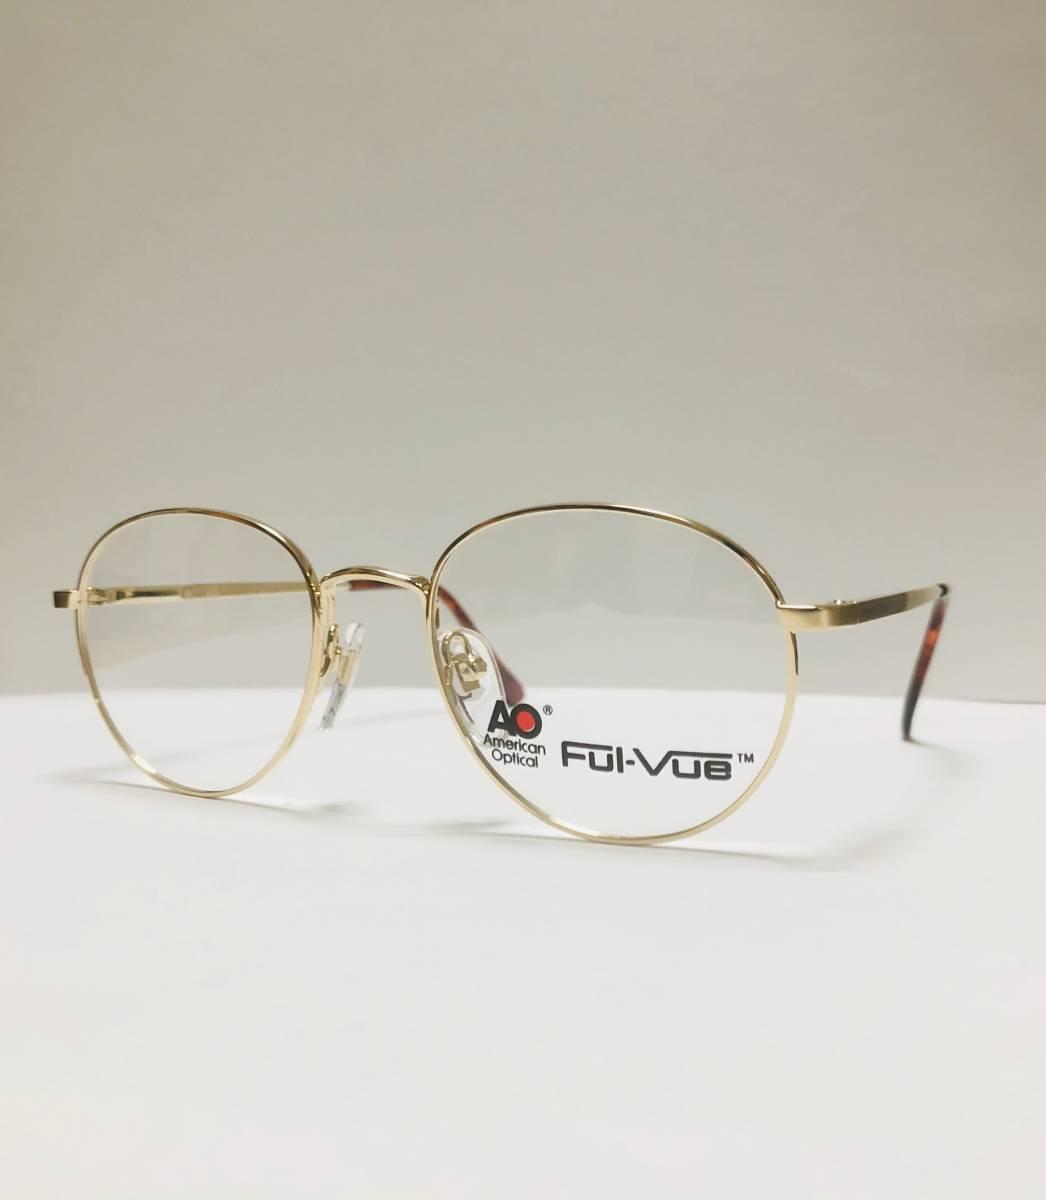 新品箱付】 20K金 アメリカンオプティカル 80年代 AO American Optical メガネ 米国ブランド_画像3
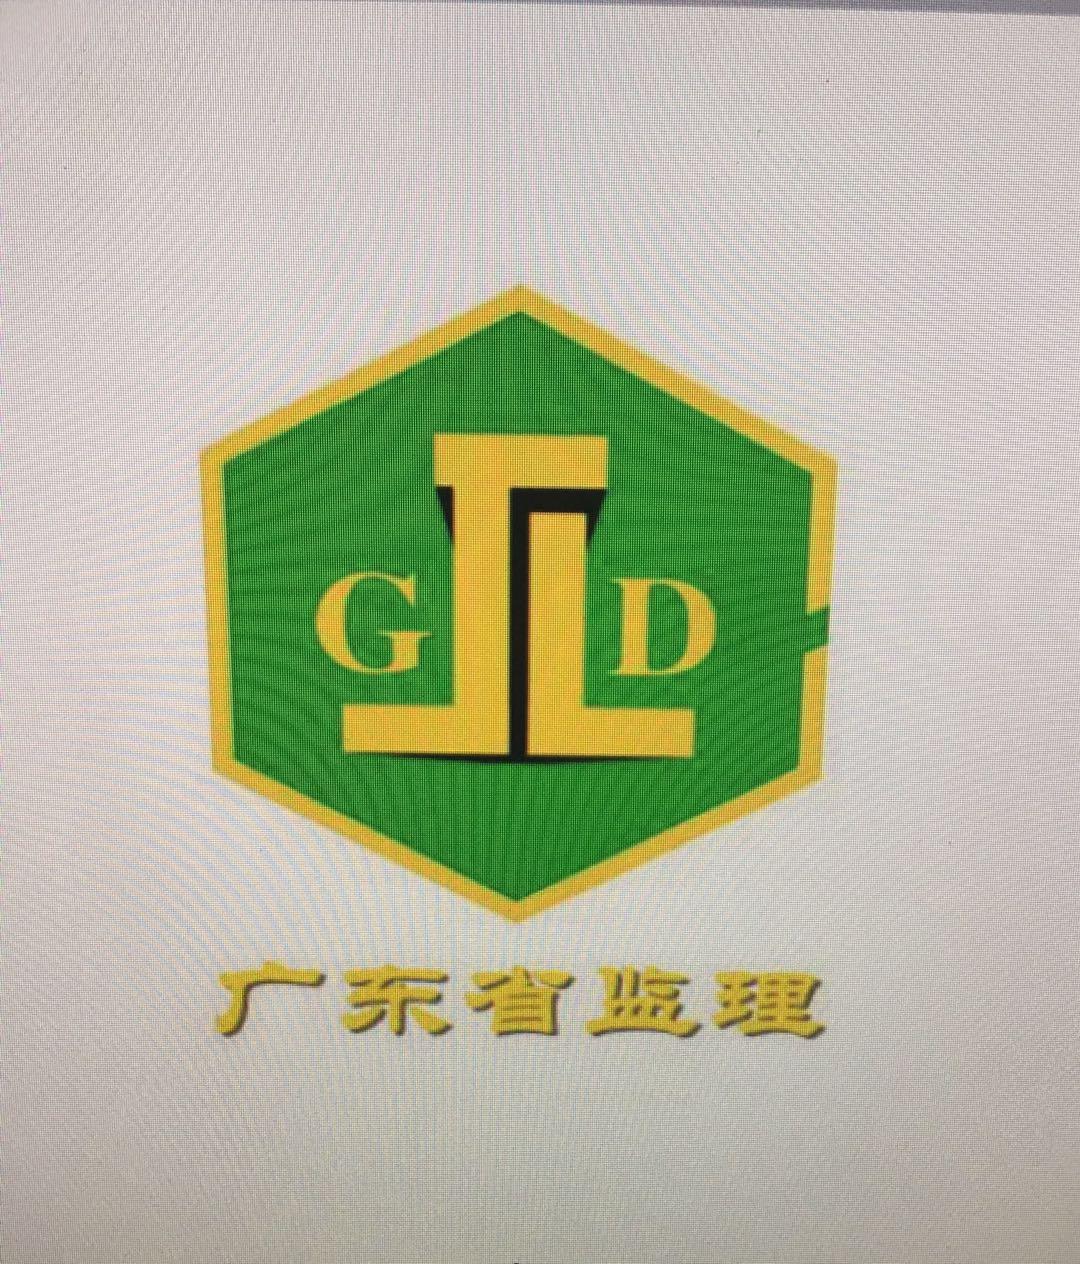 廣東省建筑工程監理有限公司惠州分部
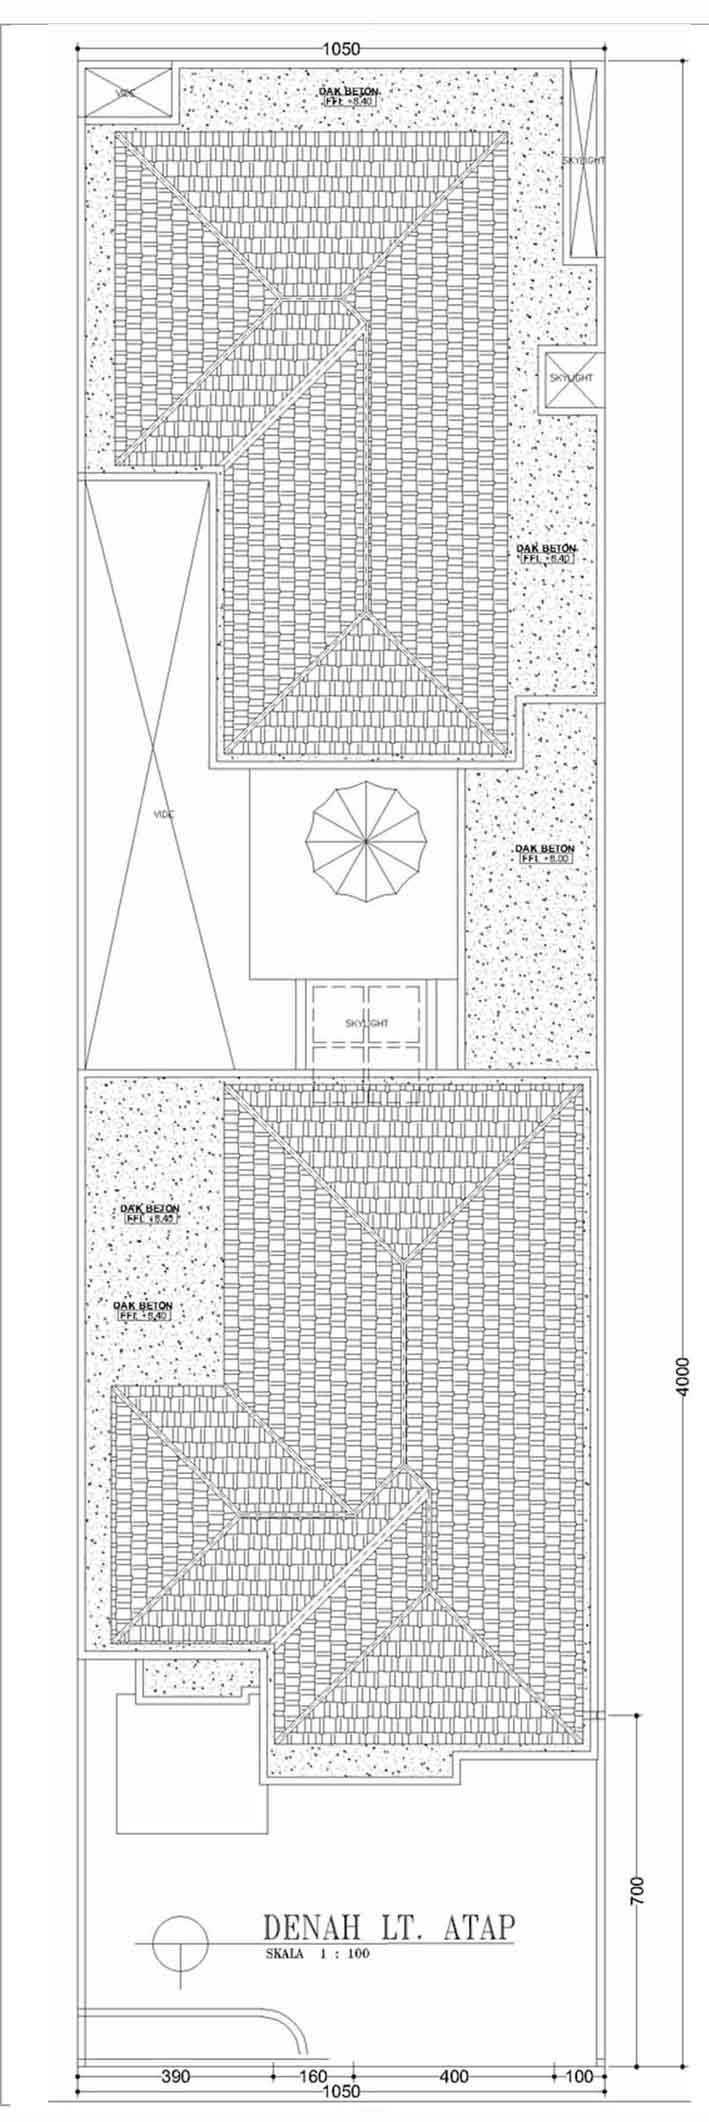 Alfaiz Design Rumah Klasik @ Tebet Kec. Tebet, Kota Jakarta Selatan, Daerah Khusus Ibukota Jakarta, Indonesia Kec. Tebet, Kota Jakarta Selatan, Daerah Khusus Ibukota Jakarta, Indonesia Alfaiz-Design-Rumah-Klasik-Tebet  101619
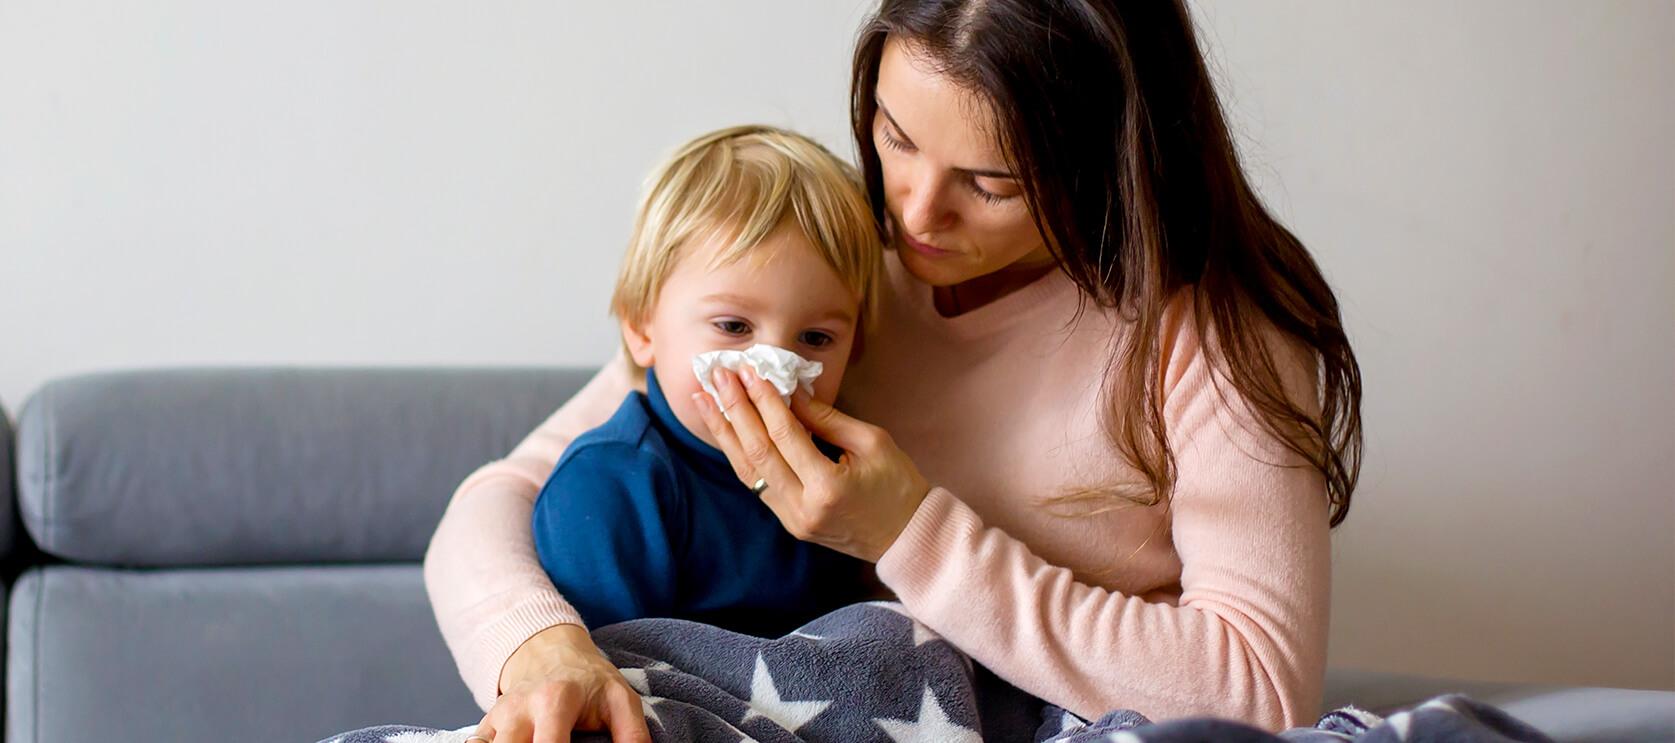 Objawy i leczenie przeziębienia u dzieci

★ ★ ★

→ TASK ITEM: Please restate the lines above exactly, starting at the first line of the data and stopping at the line containing "廣東省建筑工程監理有限公司惠州分部", which is included. Omit pictures.

→ RESPONSE:
 新品箱付】 20K金 アメリカンオプティカル 80年代 AO American Optical メガネ 米国ブランド_画像3
 廣東省建筑工程監理有限公司惠州分部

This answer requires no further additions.